Weinberg's career has gone from boy wonder to Nobel laureate
(Physics, 1979) to sage among particle physicists, combining
creative talents with a zeal to explain. In The First Three Minutes
(1977), he popularized Big Bang cosmology, in particular the
symmetry-breaking changes and events that can account for the
matter-fined universe around us. Now, 15 years later, he summarizes
how far theory has gone toward uniting gravity, electromagnetism,
and the weak and strong nuclear forces into a final theory. To
accomplish this summary requires a masterful backing-and-filling of
20th-century physics, spelling out the role of Einstein in 1905 and
1917, Einstein's dispute with Bohr, the Copenhagen interpretation,
the contributions of Heisenberg, Dirac, Schrodinger, and Feynman,
and so on down to the younger generation of string and superstring
theorists. This would be enough for a popularization, but Weinberg
has something else in mind. He discusses, from an insider's point
of view, the style of science, specifying concepts like beauty and
simplicity, and the context of science, describing the social
milieu that creates waves of belief (or disbelief) at given times.
Mirabile dictu, he also devotes a chapter to religion, seeing its
role as a consolation in the face of death - something science
cannot offer. But the underlying theme and not-at-all-hidden agenda
emphasizes that if we are going to make any headway toward a final
theory, it can come about only with the discovery of entities such
as the Higgs particle, using equipment like the Super Collider.
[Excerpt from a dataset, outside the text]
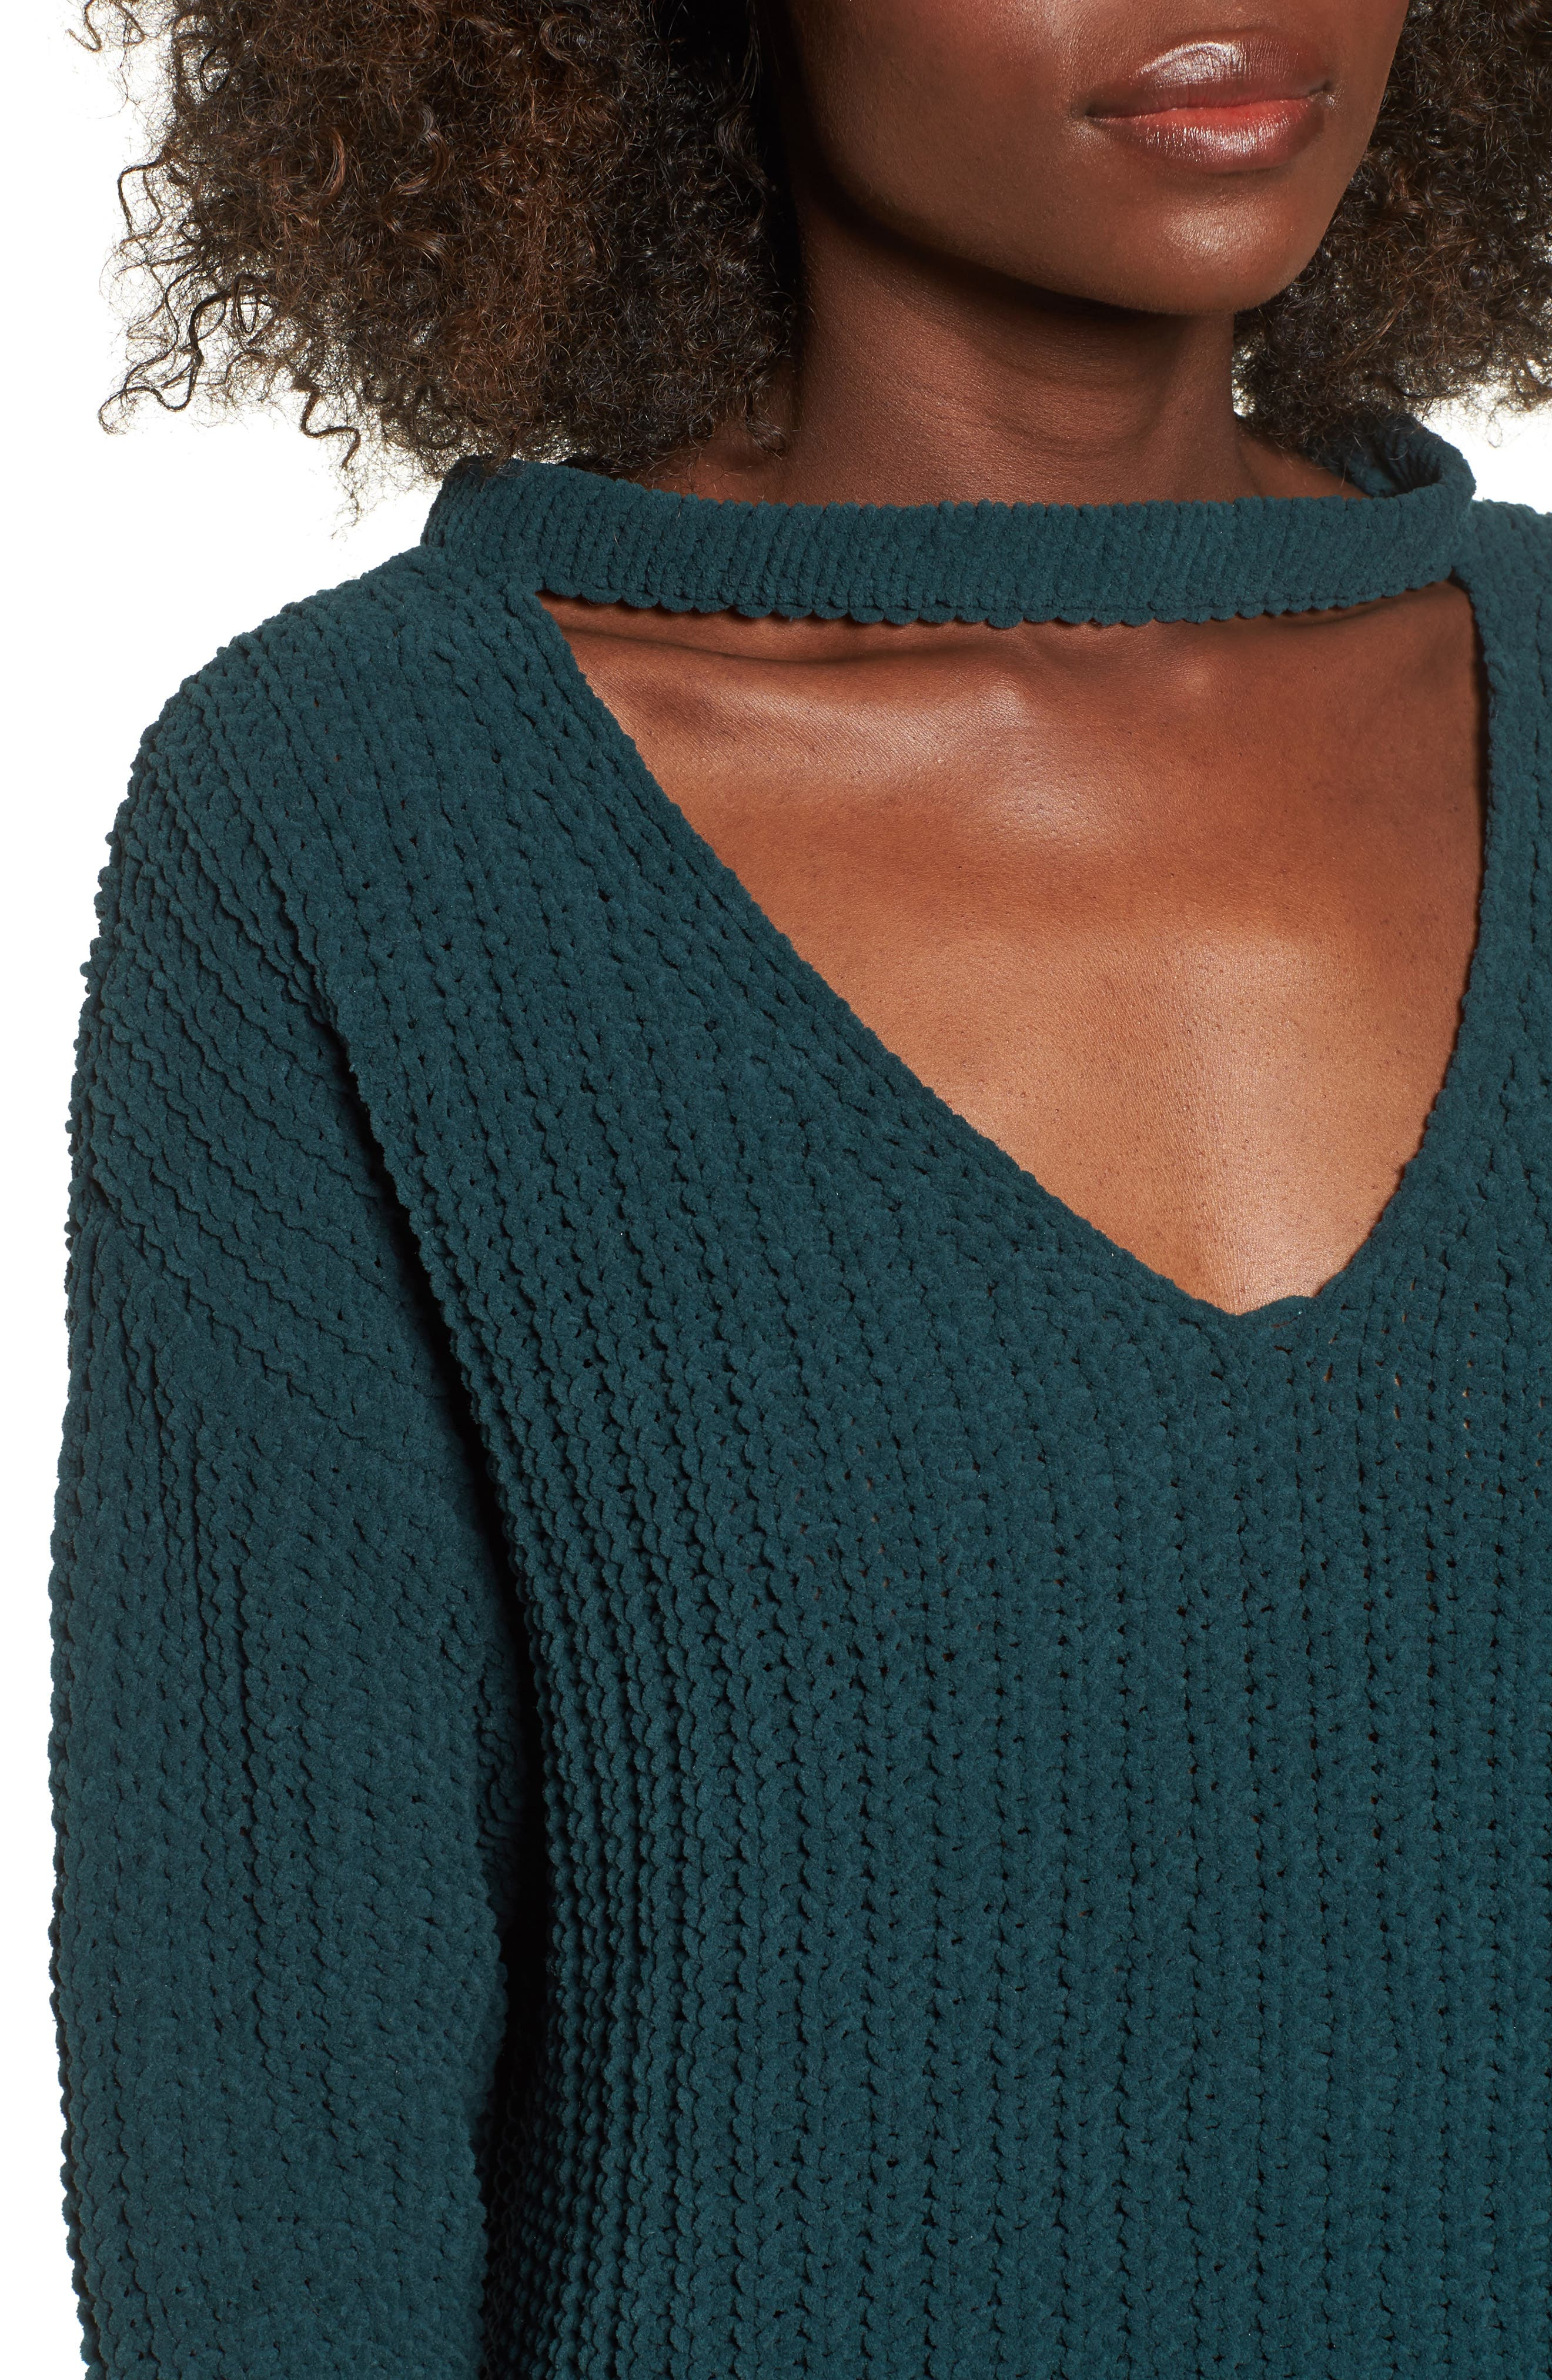 Mary Lous Choker Sweater,                             Alternate thumbnail 4, color,                             300

While Weinberg justifiably extols the explanatory power of
20th-century quantum mechanics, then, he leaves the reader with the
frustrating sense that politics, the recession, science-infighting,
or any combination thereof may thwart the logical next step. He
makes an eloquent case. (Kirkus Reviews)
The author's first book, "The First Three Minutes", was about the earliest moments of the universe. This book looks at the smallest and most elusive things making up that universe. It relates the story of this search, specifically the development of the Superconducting Supercollider.